Alternatively or in addition to accessing the index and/or database to provide the search result, the databases 30 a-d can be searched, as will be described hereinafter.
FIG. 2 is one embodiment of a computer system on which embodiments of the present invention may be implemented. It will be apparent to those of ordinary skill in the art, however, that other alternative systems of various system architectures may also be used.
The data processing system illustrated in FIG. 2 includes a bus or other internal communication means 265 for communicating information, and a processor 260 coupled to the bus 265 for processing information. The system further comprises a random access memory (RAM) or other volatile storage device 250 (referred to as memory), coupled to bus 265 for storing information and instructions to be executed by processor 260. Main memory 250 also may be used for storing temporary variables or other intermediate information during execution of instructions by processor 260. The system also comprises a read only memory (ROM) and/or static storage device 220 coupled to bus 265 for storing static information and instructions for processor 260, and a data storage device 225 such as a magnetic disk or optical disk and its corresponding disk drive. Data storage device 225 is coupled to bus 265 for storing information and instructions.

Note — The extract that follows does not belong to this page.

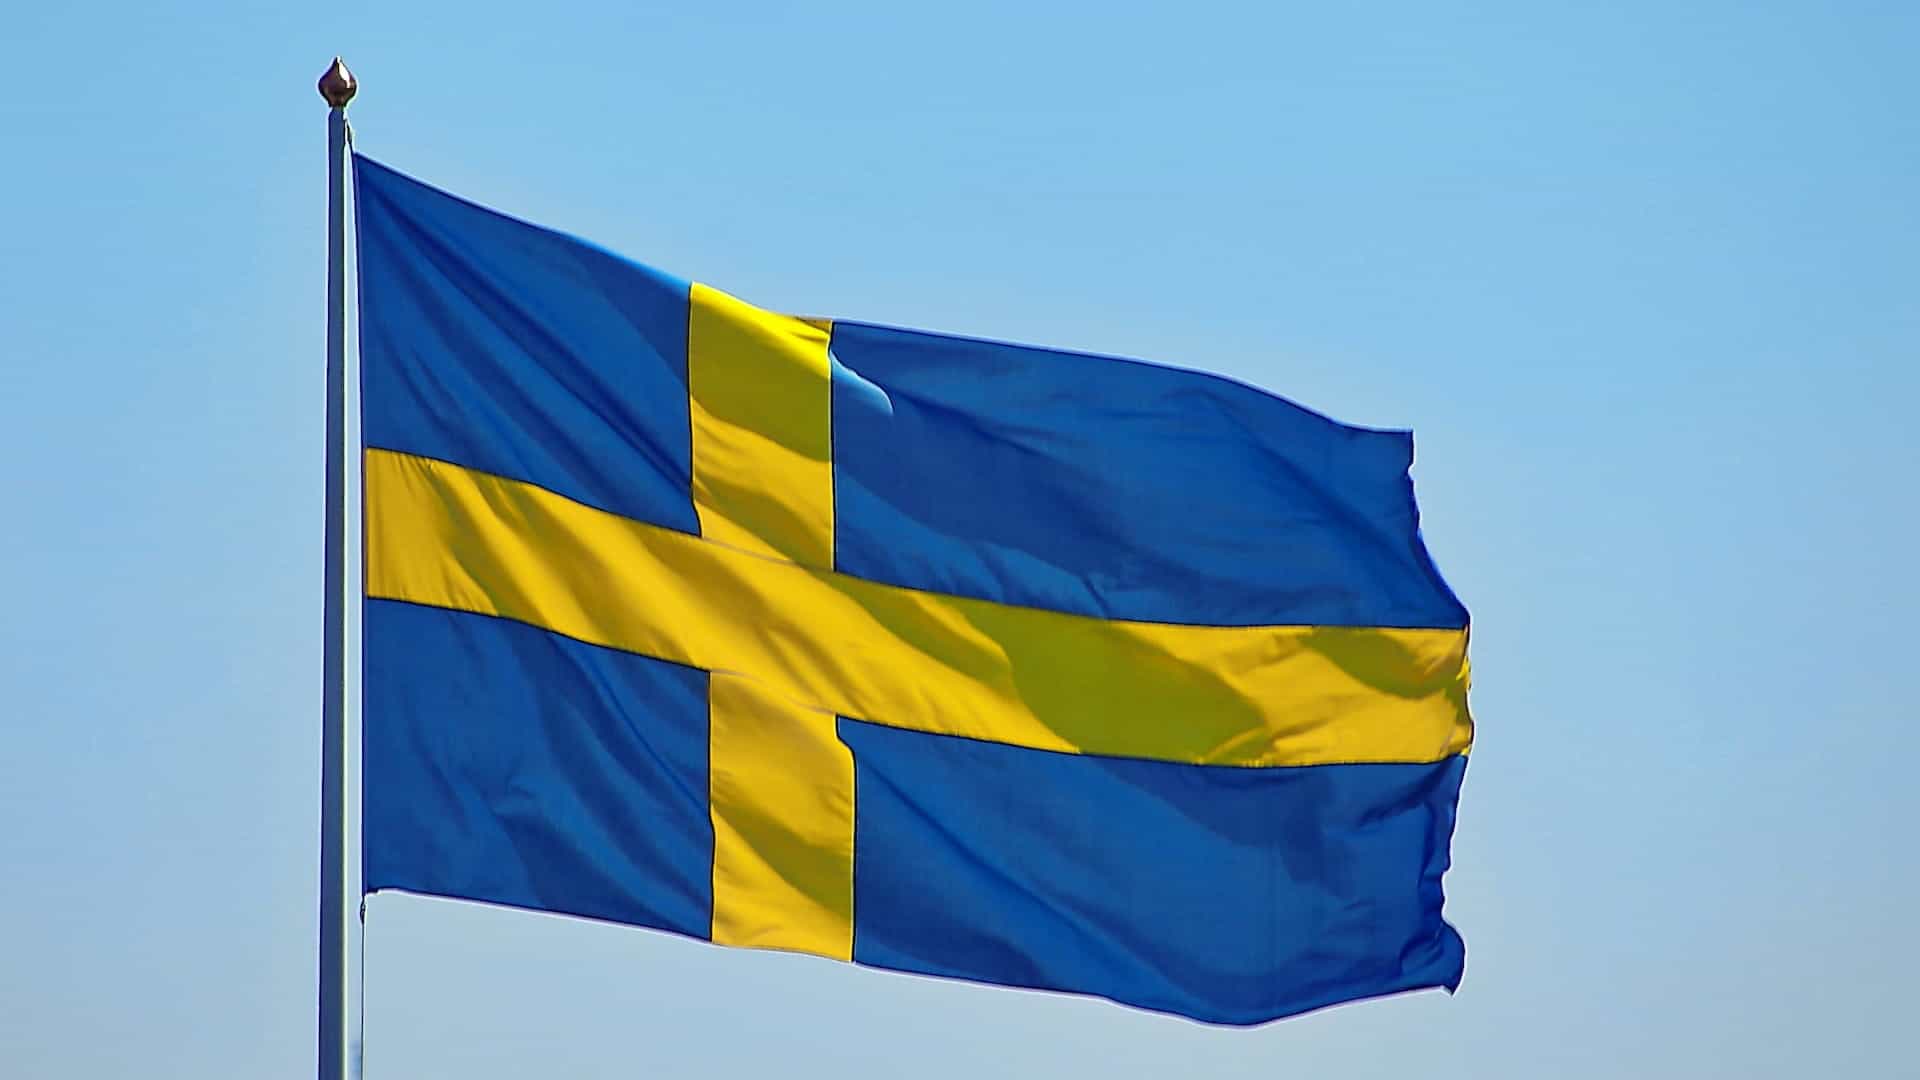 Bendera Swedia berkibar di langit biru.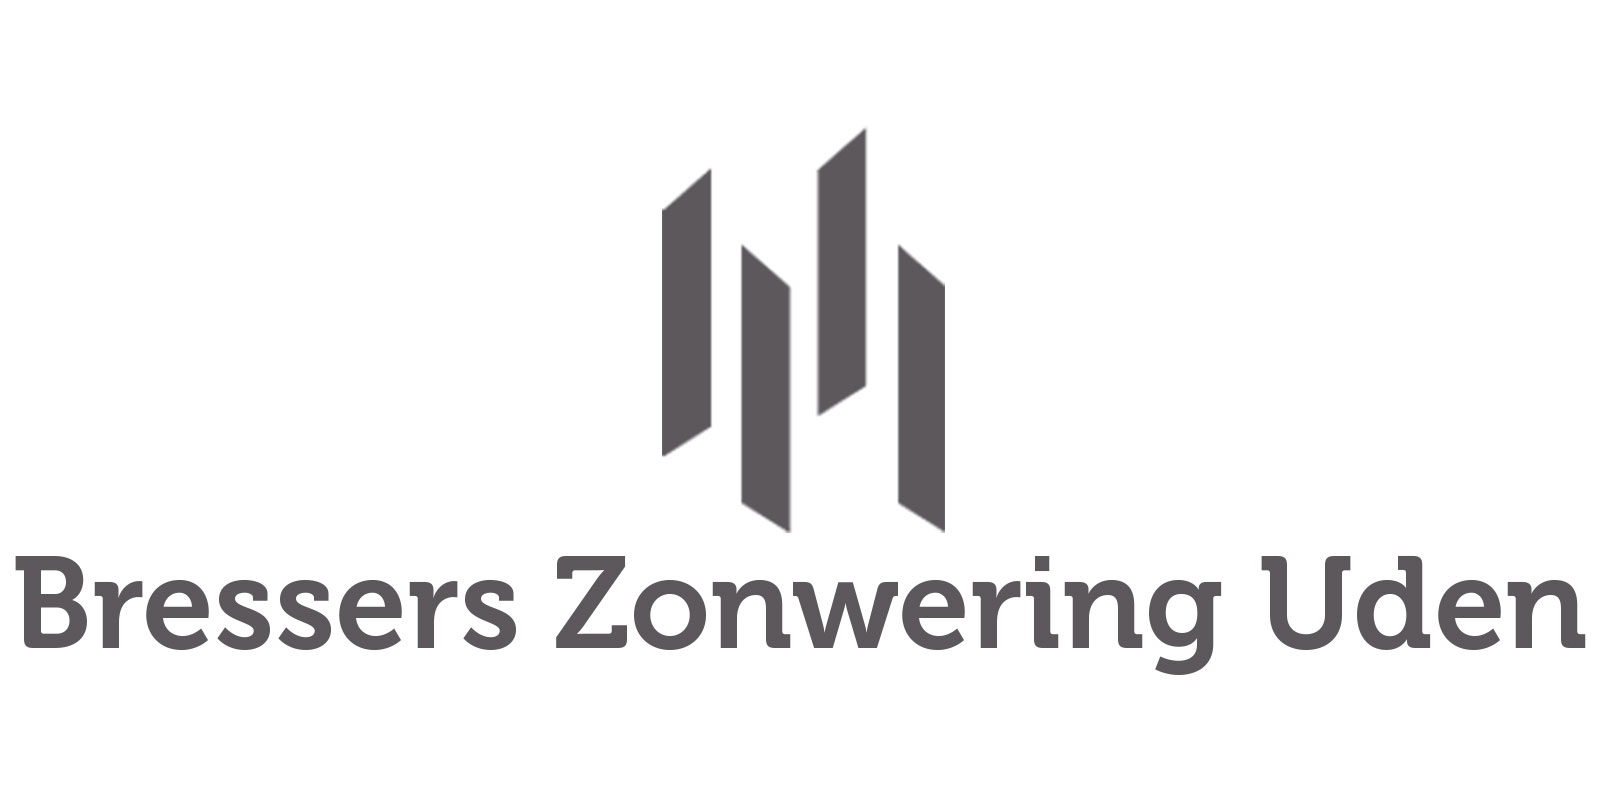 Bressers Zonwering logo

The system may further be coupled to a display device 270, such as a cathode ray tube (CRT) or a liquid crystal display (LCD) coupled to bus 265 through bus 265 for displaying information to a computer user. An alphanumeric input device 275, including alphanumeric and other keys, may also be coupled to bus 265 through bus 265 for communicating information and command selections to processor 260. An additional user input device is cursor control device 280, such as a mouse, a trackball, stylus, or cursor direction keys coupled to bus 265 through bus 265 for communicating direction information and command selections to processor 260, and for controlling cursor movement on display device 270.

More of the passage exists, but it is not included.